A Guide to the Arthur Fickénscher Papers Fickenscher, Arthur. 12731

A Guide to the Arthur Fickénscher Papers

A Collection in the
Special Collections
The University of Virginia Library
Accession number 12731


[logo]

Special Collections Department, University of Virginia Library

Albert and Shirley Small Special Collections Library
University of Virginia
Charlottesville, Virginia 22904-4110
USA
Phone: (434) 243-1776
Fax: (434) 924-4968
Reference Request Form: https://small.lib.virginia.edu/reference-request/
URL: http://small.library.virginia.edu/

© 1997 By the Rector and Visitors of the University of Virginia. All rights reserved.

Funded in part by a grant from the National Endowment for the Humanities.

Processed by: Special Collections Department Staff

Repository
University of Virginia. Library. Special Collections Dept. Alderman Library University of Virginia Charlottesville, Virginia 22903 USA
Collection Number
12731
Title
Arthur Fickénscher Papers ca. 1895-1995
Extent
ca. 2000 items
Collector
Location
Language
English

Administrative Information

Access Restrictions

Collection is open to research.

Use Restrictions

See the University of Virginia Library’s use policy.

Preferred Citation

Arthur Fickénscher Papers, Accession 12731, Special Collections Department, University of Virginia Library

Acquisition Information

The collection is a consolidation of gift acquisitions received in the Manuscript and Special Collections Departments of the University of Virginia over the period 1941-1997 from Edith Cruzan Fickénscher, Arditha Fickénscher, William W. Jones, Robert Septimus Pace, Jr., Gordon Rumson and anonymous donors.
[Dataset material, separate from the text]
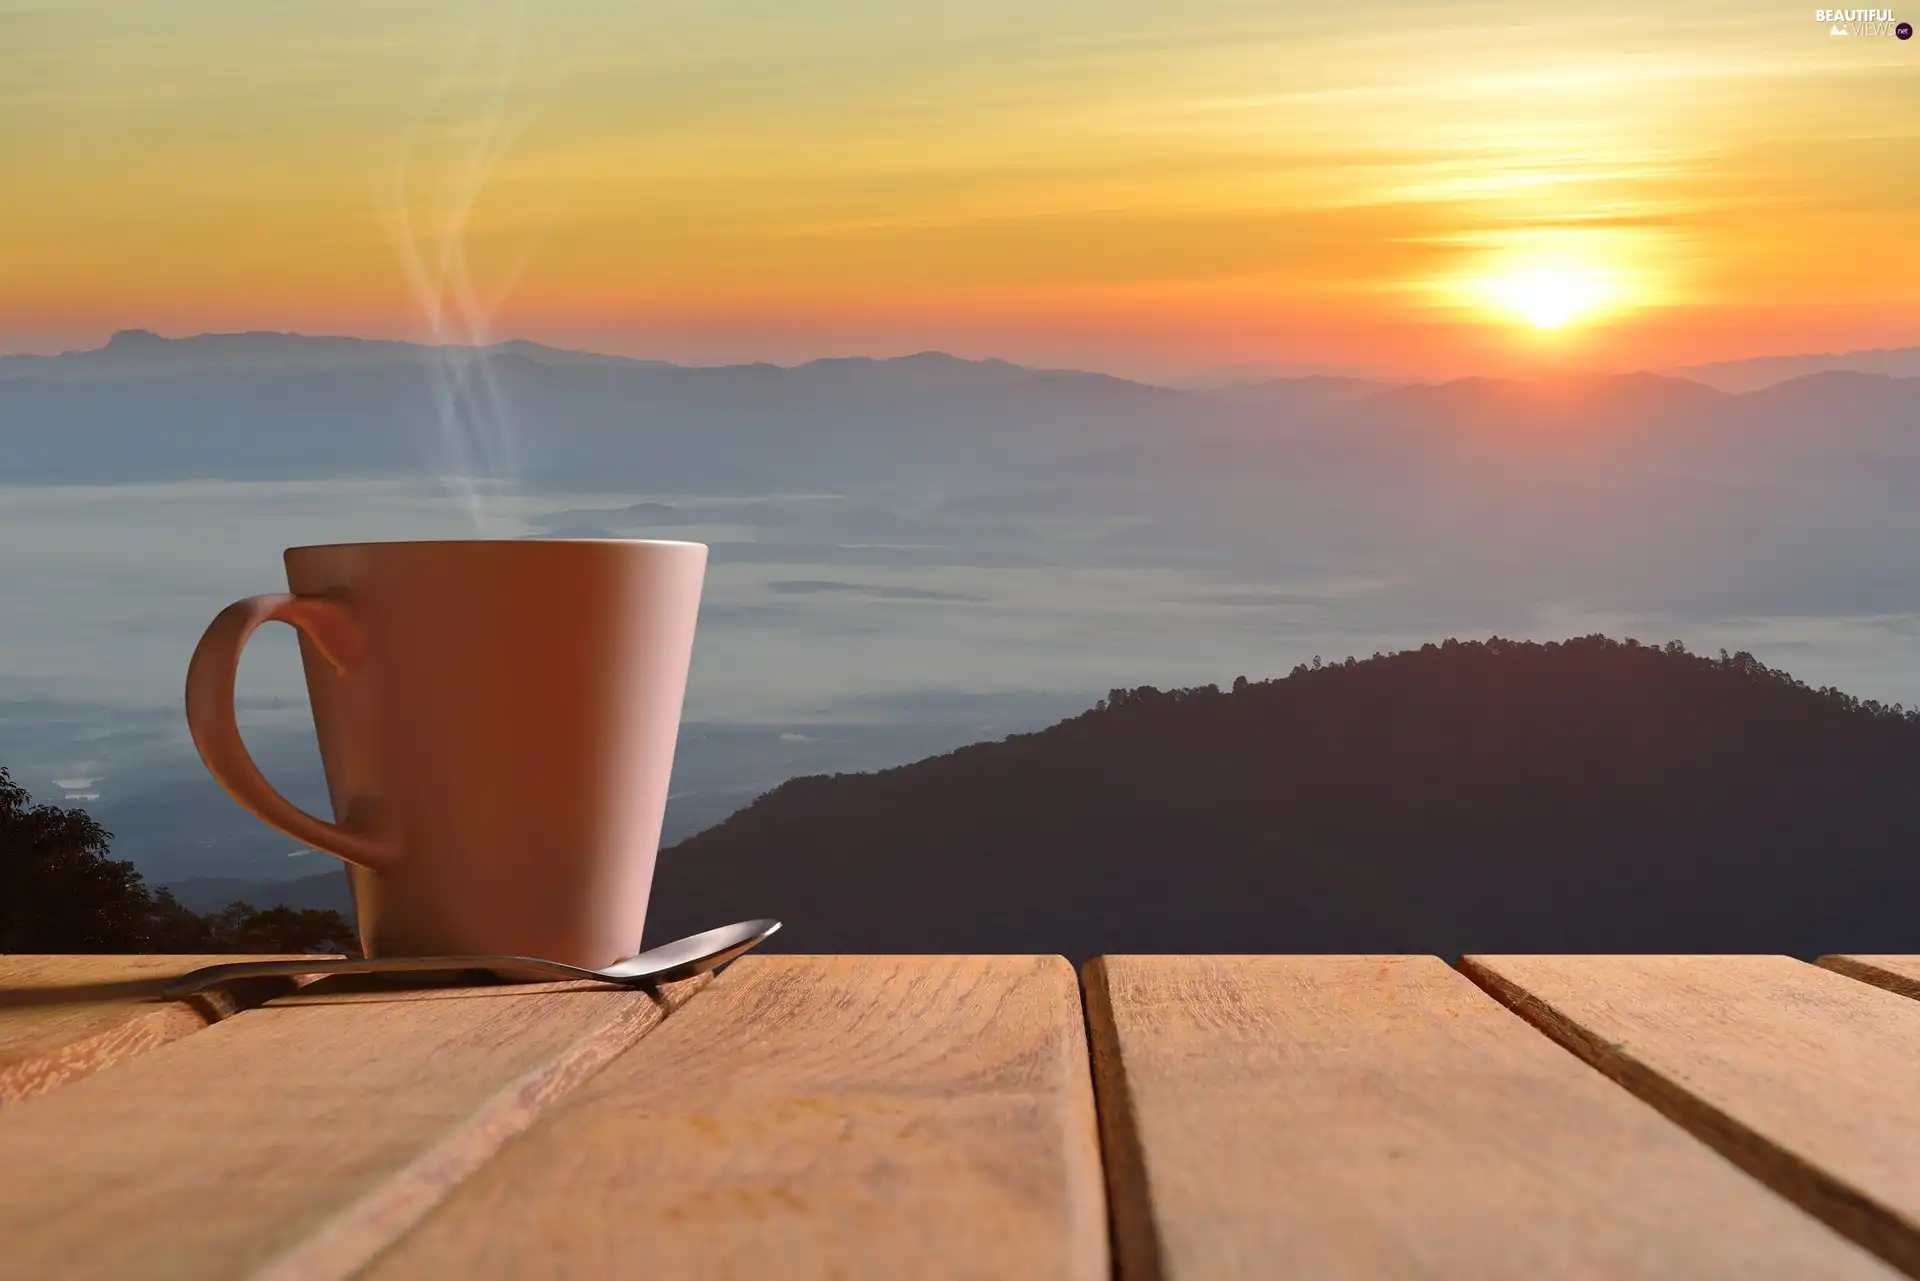 boarding, Steam, Mountains, teaspoon, Cup, landscape, Great Sunsets

The original classification numbers (listed below) of all acquisitions to this collection have been consolidated into a single classification number: 12731.

Previous Classification Numbers: Manuscript numbers: 1093; 5121,-a-b; 8815; Record Group numbers: RG-21/31.771 (.791) (.871) (.921) (.961) (.962) (.971).

Funding Note

Funded in part by a grant from the National Endowment for the Humanities


Biographical Sketch

Arthur Fickénscher, composer, pianist, teacher and inventor, was born to George W. and Elizabeth Wagner Fickénscher on March 9, 1871, in Aurora, Illinois. His musical education began at an early age; learning violin and piano under the tutelage and guidance of his music instructor father, he gave his first recital at age six. He spent his later formative years (1883-1889) as a student in Munich, Germany attending the Hochschule der Musikand the Royal Academy from which he graduated with unprecedented honors after studying under such notables in music theory and composition as Joseph Rheinberger and Ludwig Thuille. Upon returning to Illinois, Fickénscher taught piano privately to students and gave formal concert performances around the Chicago area. His reputation as an accomplished pianist and accompanist led to his participation in concert tours throughout the United States and Mexico with many of the distinguished singers of the day such as the great Wagnerian tenor, Anton Shott; Nikita, soprano of the Russian opera; Materna; David Bispham and Madame Shumann-Heink. These tours enhanced his reputation and allowed his piano mastery and musical artistry wide recognition.

In 1896, Fickénscher settled in San Francisco where he taught and coached young singers and studied the potentialities of the human voice. He also began to immerse himself in the composition of original music, being particularly drawn by the influence of the English poets of the Renaissance, Dante Rossetti and William Morris. In 1901, he married Edith Cruzan, an opera and concert singer whose theatrical and musical talents matched his own as they became an acclaimed recital team throughout the west coast. While living in San Francisco, the Fickénschers experienced the great earthquake of 1906. In the fire that devastated the city, they lost their home and many of their possessions including papers, press clippings, memorabilia and compositional manuscripts relating to their concert activities and Fickénscher's early music works.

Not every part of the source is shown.